Add tools and literature to repository Change-Id: I481575b457ec905ca53f90d0cd6c3169bcd6b80a

commit: 1448b11568319a11fc3933f6ac9f8bbc996a8189 [log] [tgz]
author: Akron <nils@diewald-online.de> Mon Mar 21 23:31:49 2022 +0100
committer: Akron <nils@diewald-online.de> Mon Mar 21 23:31:49 2022 +0100
tree: d7933833fa7e61bc2fe5e3a791f4cbaa350ff525
parent: 325193e098e45f7a8eb174e3393af1e615c18eb1 [diff]
diff --git a/Readme.md b/Readme.md
index 8f75046..70b6f89 100644
--- a/Readme.md
+++ b/Readme.md

@@ -1,23 +1,18 @@
-# Creating the container
+# EURALEX 2022 - Tokenization Benchmark
+
+This repository contains benchmark scripts for comparing different tokenizers and sentence segmenters of German.  For trouble-free testing, all tools are provided in a Dockerfile.
+
+## Creating the container
 
 To build the Docker image, run
 
 ```shell
 $ docker build -f Dockerfile -t korap/euralex22 .
 ```
-This will download and install an image of approximately 6GB.
-
-It will download and install the following
-tokenizers in an image to your system:
-
-...
-
-To run the evaluation suite ...
-
-...
+This will create and install an image of approximately 12GB.
 
 
-# Running the evaluation suite
+## Running the evaluation suite
 
 To run the benchmark, call
 
@@ -30,7 +25,7 @@
 
 The supported benchmark scripts are:
 
-## `benchmark.pl`
+### `benchmark.pl`
 
 Performance measurements of the tools.

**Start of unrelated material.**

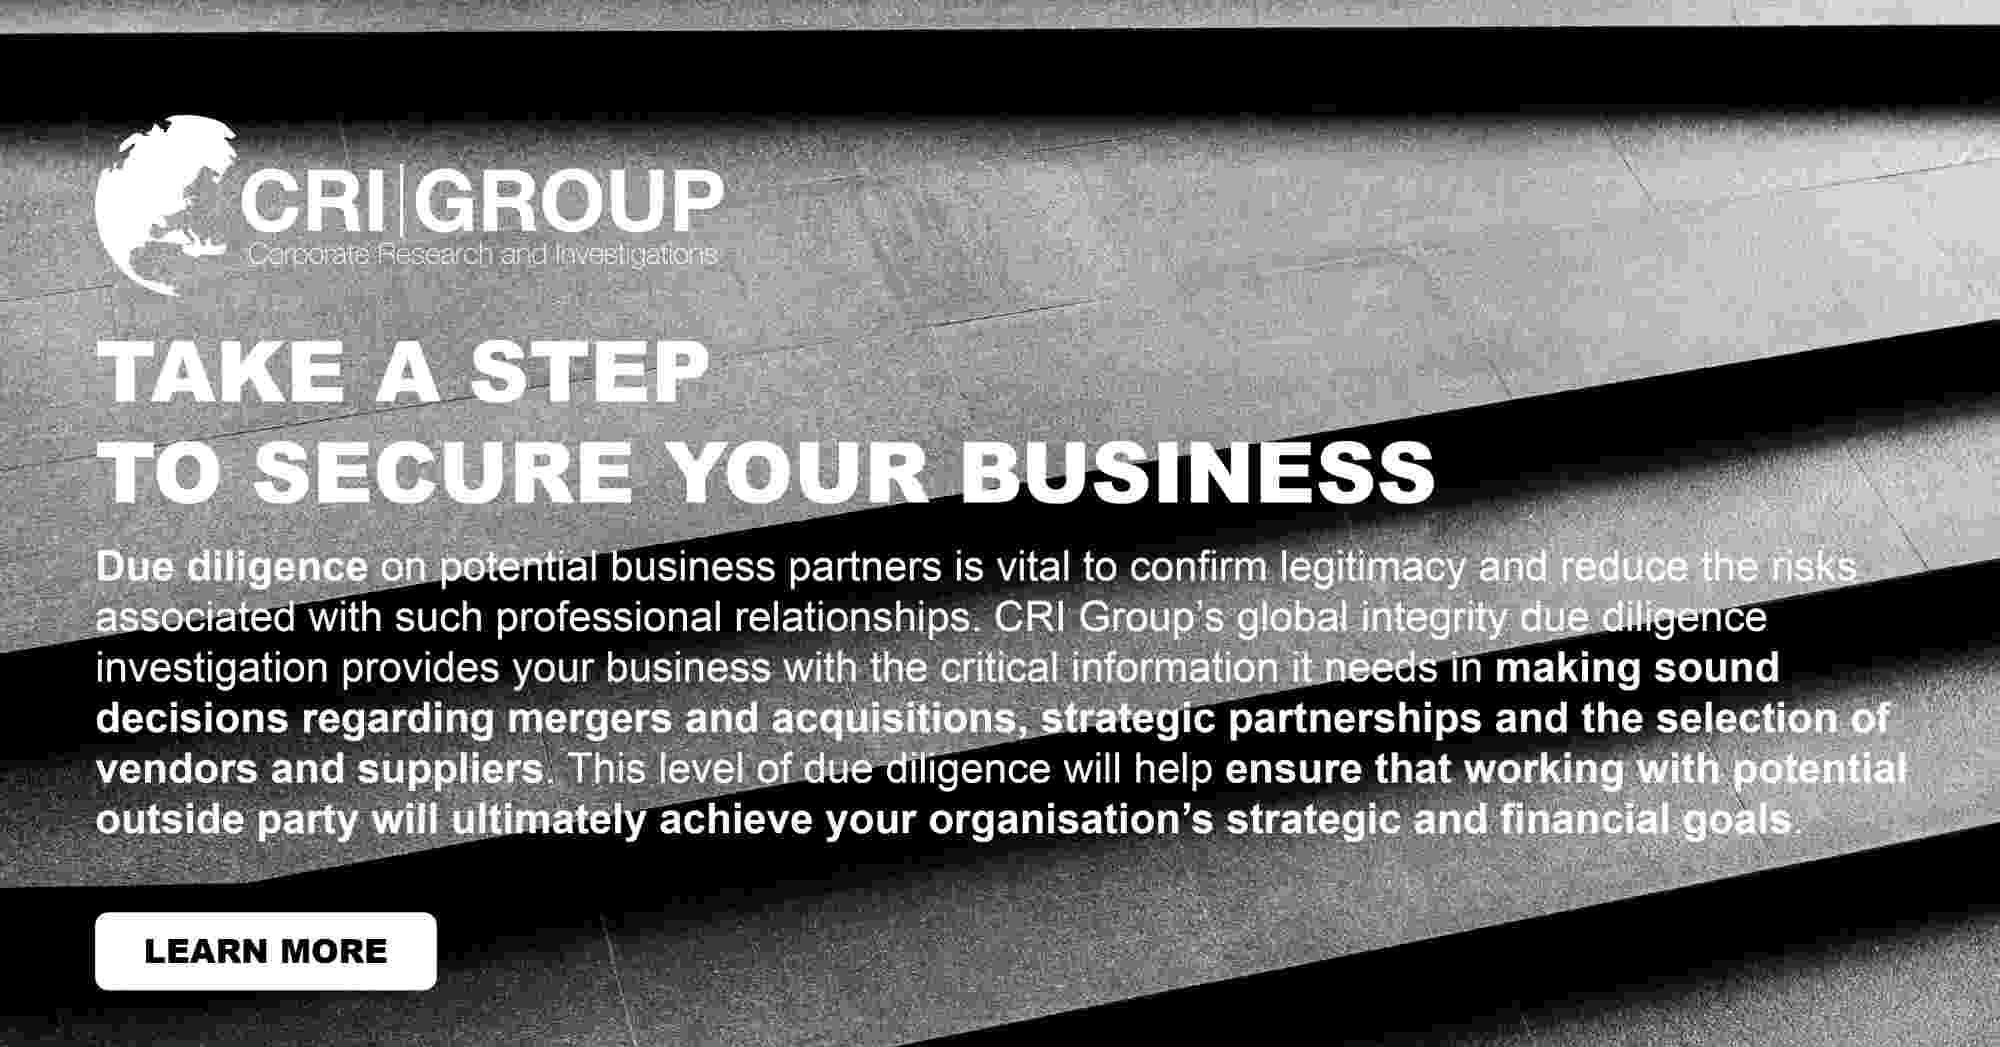 CRI Group™ provides Due Diligence service to secure your business

See the tools section for some
 remarks to take into account. Accepts two numerical parameters:
@@ -38,8 +33,7 @@
 - The duplication count of the example file
 - The number of iterations
 
-
-## `empirist.pl`
+### `empirist.pl`
 
 To run the empirist evaluation suite, you first need to download
 the empirist gold standard corpus and tooling, and extract it into
@@ -53,8 +47,6 @@
 $ unzip empirist_gold_web.zip -d corpus
 ```
 
-Quality measurements based on EmpiriST 2015.
-
 To investigate the output, start the benchmark with mounted
 output folders
 
@@ -63,7 +55,7 @@
 -v ${PWD}/output_web:/euralex/empirist_web
 ```
 
-## `ud_tokens.pl`
+### `ud_tokens.pl`
 
 To run the token evaluation suite against the 
 [Universal Dependency](https://github.com/UniversalDependencies/UD_German-GSD)
@@ -75,54 +67,13 @@
   -O corpus/de_gsd-ud-train.conllu
 ```
 
-## `ud_sentences.pl`
+### `ud_sentences.pl`
 
 To run the sentence evaluation suite, first download the corpus
 as explained above.
 
 
-# Tools
-
-## Waste
-- Tokenization
-
-## OpenNLP
-- Tokenization
-
-## TreeTagger
-- Tokenization
-
-## JTok
-- Tokenization
-
-## SynTok
-- Tokenization
-
-## SoMaJo
-- Tokenization
-
-## Stanford CoreNLP
-- Tokenization
-
-All tools are run using [pipelining](https://stanfordnlp.github.io/CoreNLP/pipeline.html),
-which obviously introduces some overhead, that needs to be taken into account.
-
-## KorAP-Tokenizer
-- Tokenization + Sentence Splitting
-
-## Datok
-- Tokenization + Sentence Splitting
-
-
-# Licenses
-
-For Treetagger:
-Please read the [license terms](https://cis.uni-muenchen.de/~schmid/tools/TreeTagger/Tagger-Licence),
-before you download the software!
-By downloading the software, you agree to the terms stated there. 
-
-
-# Caveat
+## Caveat
 
 When running this benchmark using Docker you may need
 to run all processes privileged to get
@@ -132,4 +83,44 @@
 docker run --privileged -v
 ```
 
-# Literature
+## Tools
+
+### Our tools for token and sentence boundary detection:
+
+- [KorAP-Tokenizer](https://github.com/KorAP/KorAP-Tokenizer) is rule-based and compiles, using the lexical analysis generator framework [JFlex](https://jflex.de/), a list of regular expressions into a deterministic finite state automaton that can introduce segment boundaries at terminal nodes. The ruleset is based on [Apache Lucene](https://lucene.apache.org/)'s tokenizer and has been extensively modified. Rule sets are available for English, French and German. KorAP-Tokenizer is used productively for tokenization and (among other tools) for sentence segmentation of DeReKo.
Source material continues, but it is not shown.